There was widespread xenophobia in 1930’s Britain. Exemplified not long after my family arrived by the infamous Battle of Cable Street in October 1936. This was a conflict in London’s East End between police protecting a march by the British Union of Fascists and various antifascist demonstrators including local anarchist, communist, Jewish and socialist groups. A riot characterised by running battles on all sides, The Daily Mail headline included the line “Reds attack Blackshirts’. The Daily Mail, with its vast readership, was owned by Lord Rothermere, a committed supporter and friend of Adolf Hitler and Benito Mussolini. The paper fueled anti–Semitism, consistently opposing the arrival of Jewish refugees escaping Germany, describing their arrival as ‘a problem’.

British Jews were divided in their response to Nazi persecution. Left-wing Jewish activists fought in Cable Street and demanded a boycott of German goods. The traditional Jewish leadership was more cautious, hoping to avoid increasing already virulent British anti-Semitism. However, many Britons, both Jewish and non-Jewish, wanted to help with the plight of German Jews. In March 1933 the German-Jewish Refugee Council (JRC) had been established. They pledged that none of the refugees would be a financial burden on the state. They would aid Jewish refugees with housing, education and job training.

British artists, art dealers and academics also wanted to help their German contemporaries. In a direct response to the first Degenerate Art exhibition in Munich, an organising committee including the art historian Herbert Read and a diverse group of Swiss and German emigres planned an exhibition of 20th Century German Art. The New Burlington exhibition (centre) opened in London’s West End in July 1938 with 271 works by 60 artists in an exhibition which, due to its popularity, had to be extended three times. It presented a complete ‘who’s who’ of great European art to a previously unaware British public. Max Beckmann’s Triptych ‘The Temptation of St Anthony’ (centre) was one of the highlights of the exhibition, which was publicised with a poster featuring Franz Marc’s painting of ‘Large Blue Horses’. Despite its critical success the exhibition did not achieve the expected sales to either public or private collections. It was however an early indication of the vast contribution that Hitler’s emigres, such as the Hess family (see panels 4), were to play in post war Britain.

2E Book

The Dresden ‘shaming’ exhibition of 1933 was just the start of what was to be the attempted wholesale destruction of German 20th century avant garde art. By 1937, the concept of ‘degeneracy’ was bureaucratically entrenched, and a six-man commission was authorised to confiscate from museums and art collections throughout Germany any remaining art considered modern, degenerate, or subversive.

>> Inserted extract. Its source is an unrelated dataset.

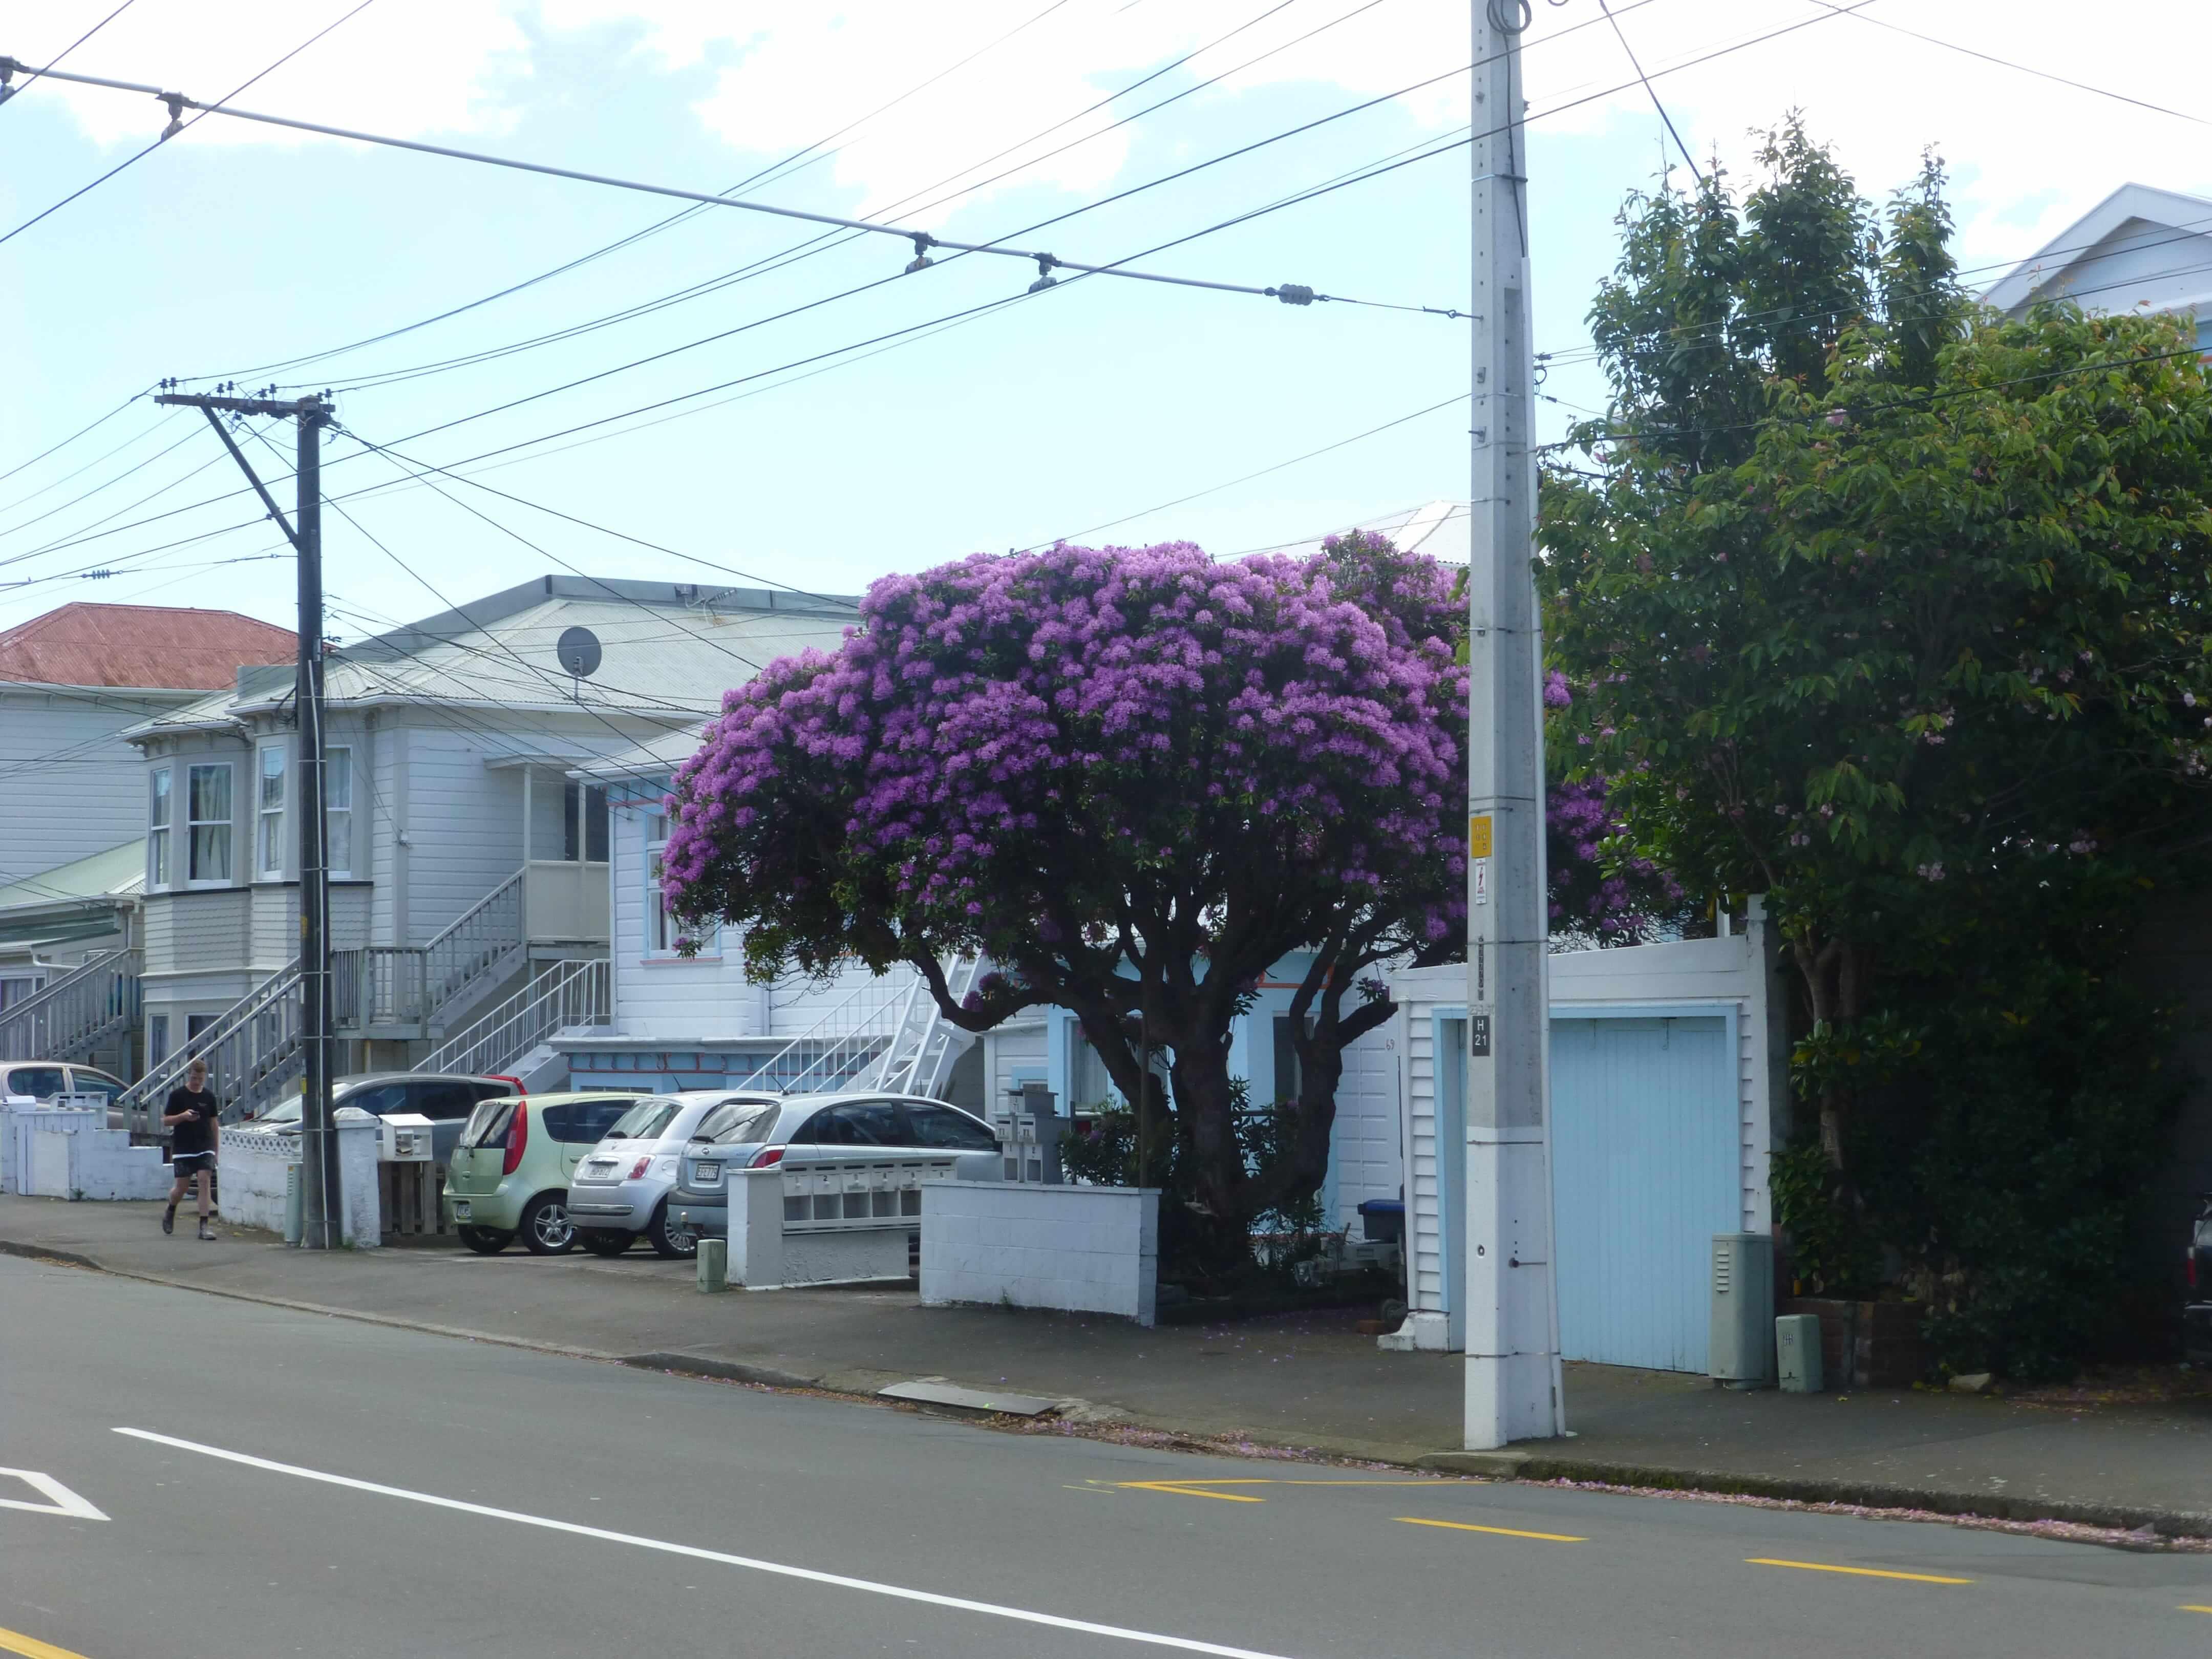 in Wellington, Neuseeland, Weit-weg.reisen 12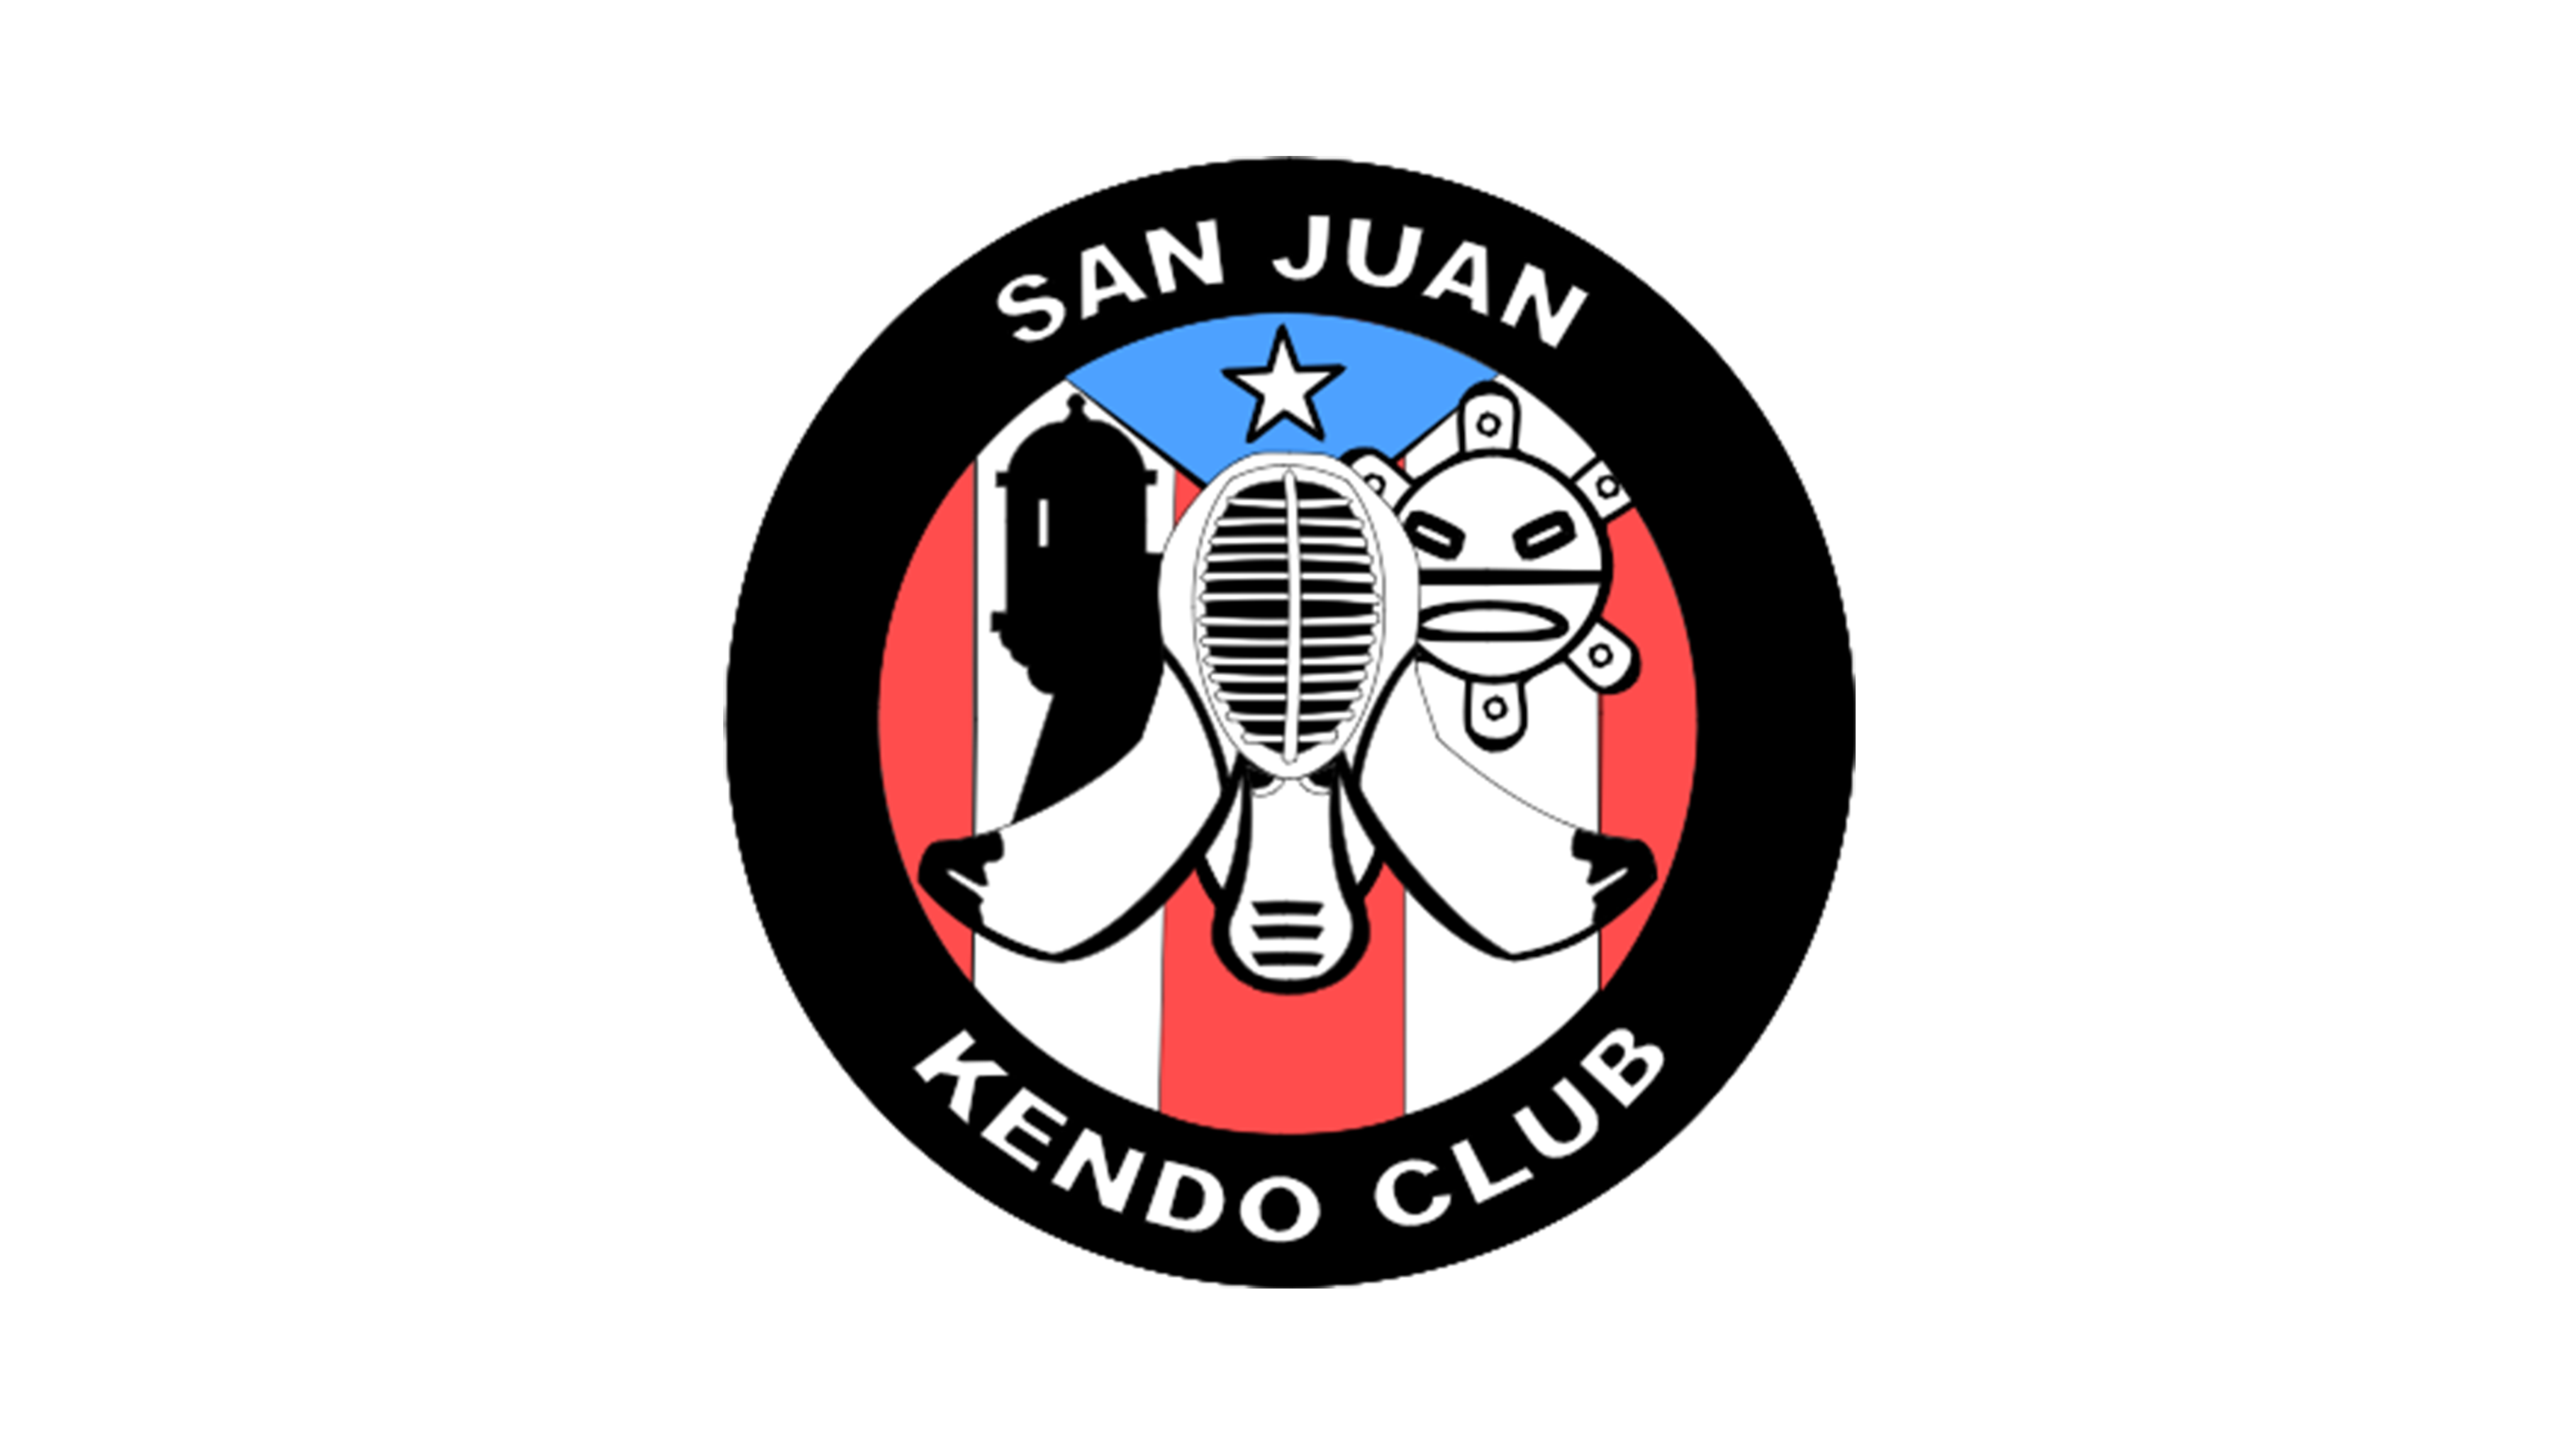 San Juan Kendo Club

The ‘Entartete Kunst’ exhibition (top) showed over 650 important paintings, sculptures, prints and books from the collections of 32 German museums. It opened in Munich in mid-July 1937 and remained on view until the end of November before travelling to eleven other cities in Germany and Austria. During its four months in Munich it attracted over 3 million visitors and over the next years, a million more.

Only a small portion of what was confiscated was used in the exhibition. Otto Dix’s ‘War Cripples’ (centre) shows veterans of WW1 in fully military dress marching along, each one of them crippled or
damaged. This painting, which lays the blame on the army for ruining a generation, was far less contentious than some of Dix’s other work. Nonetheless it was confiscated, labelled ‘slander against the German heroes of World War I’, and has never been seen again, presumed destroyed. Ernst Barlach’s bronze statue ‘Christus and Johannes’ (Christ and John) (centre left) was judged by the committee to be ‘a mockery of the divine’ and was described as ‘the portrayal of two monkeys in
nightshirts’. By the time the work was due to travel to Nurnberg it had disappeared. Fortunately, other castings survived.

After the defamation and distress caused by the Dresden exhibition and the confiscation of 40 of his works Felixmuller and his family fled to Berlin. The authorities continued to pursue him and six works, including ‘First Steps’ (top right), were in the Munich exhibition. A total of 151 of Felixmüller’s works were confiscated, many of them disappeared or were destroyed by the Nazis.

The exhibition catalogue had the exhibition title, with the word ‘Kunst’ (meaning art), in scare quotes superimposed on an image of Otto Freundlich’s primitive inspired sculpture ‘Der Neue Mensch’ (the new man). It cost 30 pfennigs, highly affordable, less than the price of a loaf of rye bread. Inside it was like a lively magazine with images of the artwork often at jaunty angles accompanied by derogatory catchphrases and defamatory text.

The rooms of the exhibition were made of temporary partitions and intentionally chaotic, with pictures crowded together, sometimes unframed. The first rooms were grouped according to themes: religion; Jewish artists, the vilification of women, the military etc. The remainder were a composite of subject and styles that were anathema to the Nazi’s. Slogans were painted on the walls. (bottom left and right) such as:

‘Insolent mockery of the Divine’

‘Revelation of the Jewish racial soul’

‘Madness becomes method’

‘Deliberate sabotage of national defense’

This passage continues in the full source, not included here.